For those too young to remember the height of the cold war, consider this: by 1960, about 15,000 high schools were equipped with radiation-monitorin g kits. "Duck-and-cover" films depicting how to act during a nuclear assault were part of the elementary school curriculum. The U.S. had distributed 55 million wallet-size cards with instructions on what to do in the event of an attack. Backyard bomb shelters were common. Senior Washington officials received an emergency telephone number that bypassed the commercial system and linked them directly to crisis operators, who understood that if the caller uttered the single code word -- FLASH -- it meant the call was "essential to national survival." Never out of the President's reach were the Presidential Emergency Action Documents and "Plan D," his options for responding to a surprise nuclear attack.

The doomsday plans took shape during the Eisenhower Administration, spawning an entire bureaucracy and a web of government relocation sites situated around the capital in what became known as the Federal Arc.
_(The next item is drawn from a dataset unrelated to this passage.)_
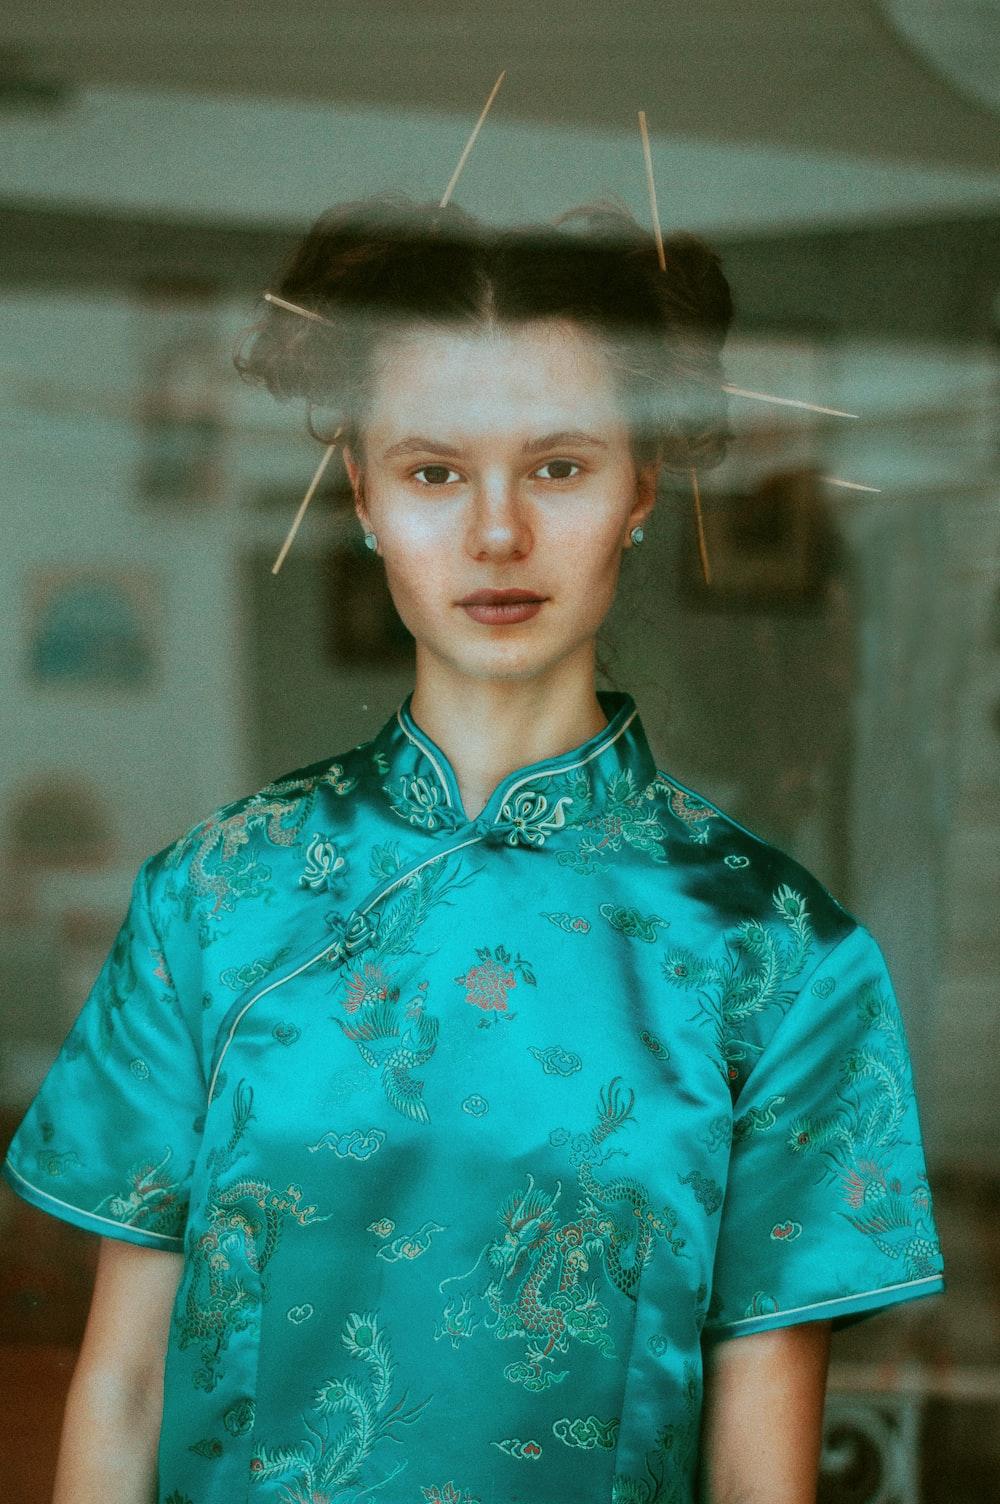 woman wearing green short-sleeved top inside room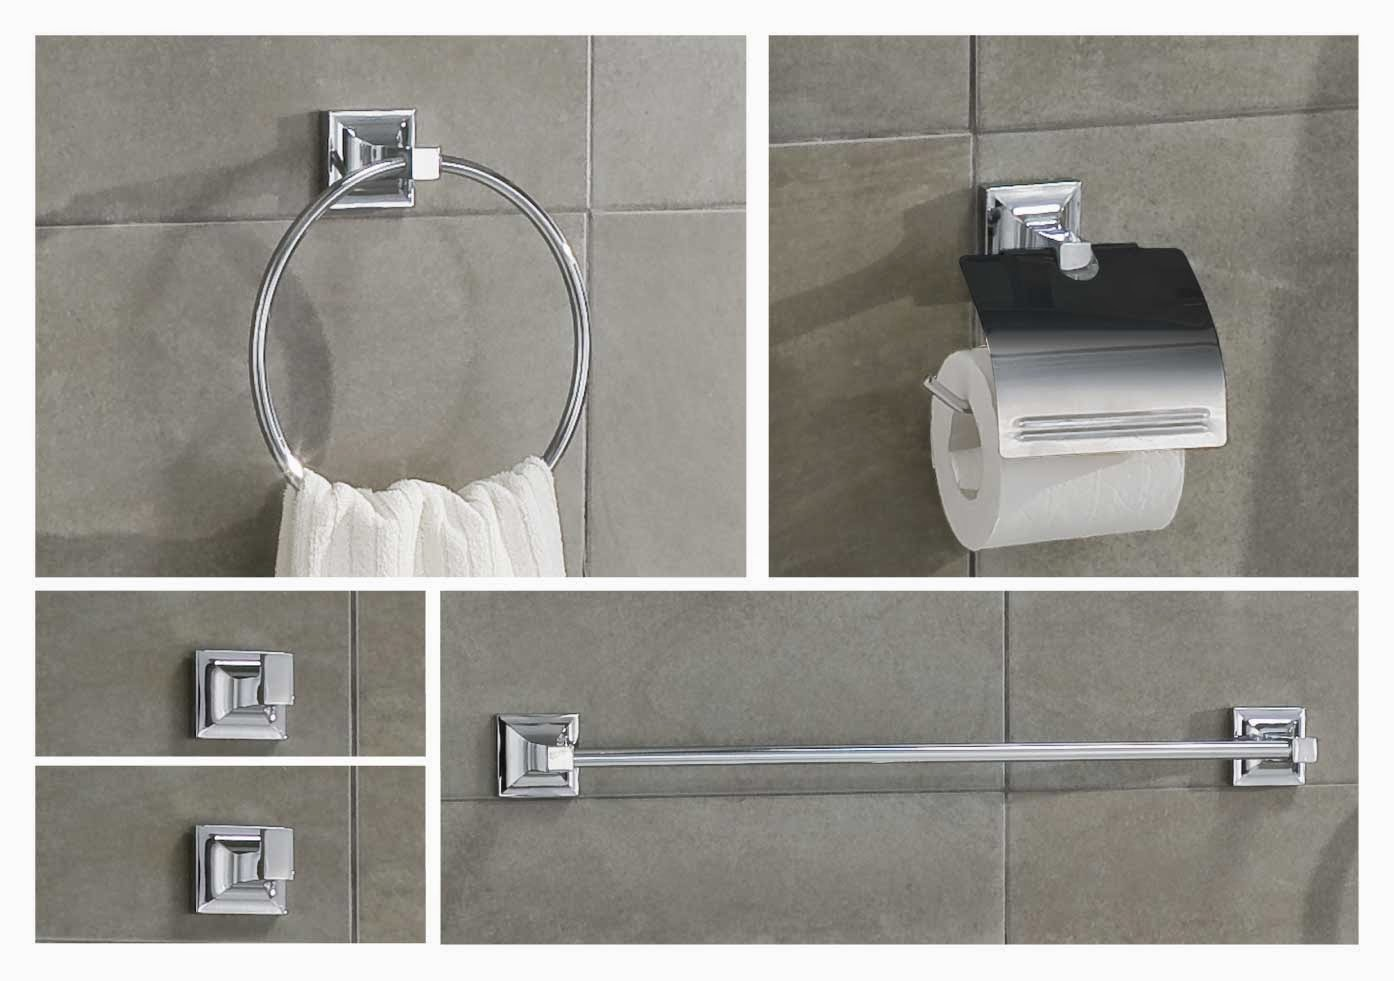 C mo instalar accesorios del ba o ferrelec for Accesorios para regaderas de bano

Each year the government conducted elaborate exercises in which thousands of officials relocated in ( mock nuclear attacks. Eisenhower and his Cabinet convened at Raven Rock, the 265,000-sq.-ft. "Underground Pentagon" near Gettysburg, Pa., code-named "Site R," or at Mount Weather, a bunker near Berryville, Va., code-named "High Point" (see "Doomsday Hideaway," TIME, Dec. 9, 1991). Airborne command posts and reinforced communications ships stood by to receive the Commander in Chief and his advisers. Congress had its own top-secret relocation center buried beneath the Greenbrier, a five-star resort in White Sulphur Springs, W. Va. Outfitted with its own Senate and House chambers, as well as a vast hall for joint sessions, the facility was code-named "Casper," and only half a dozen members of Congress knew it existed.

Few men have a more intimate understanding of the doomsday scenario than Bernard T. Gallagher. Known to his friends as Bud, he was a Strategic Air Command pilot and served as director of Mount Weather for 25 years, until his retirement last March. A robust 70 years old, he wears a white cowboy hat, drives a hot-pink '65 Mustang convertible and is an unabashed patriot. As an "atomic-cloud sampler," he flew through the billowing mushrooms of 13 U.S. nuclear blasts in 1952 and 1953. To measure the radiation passing through him, he swallowed an X-ray plate coated with Vaseline and suspended by a string that hung out of his mouth during the flight.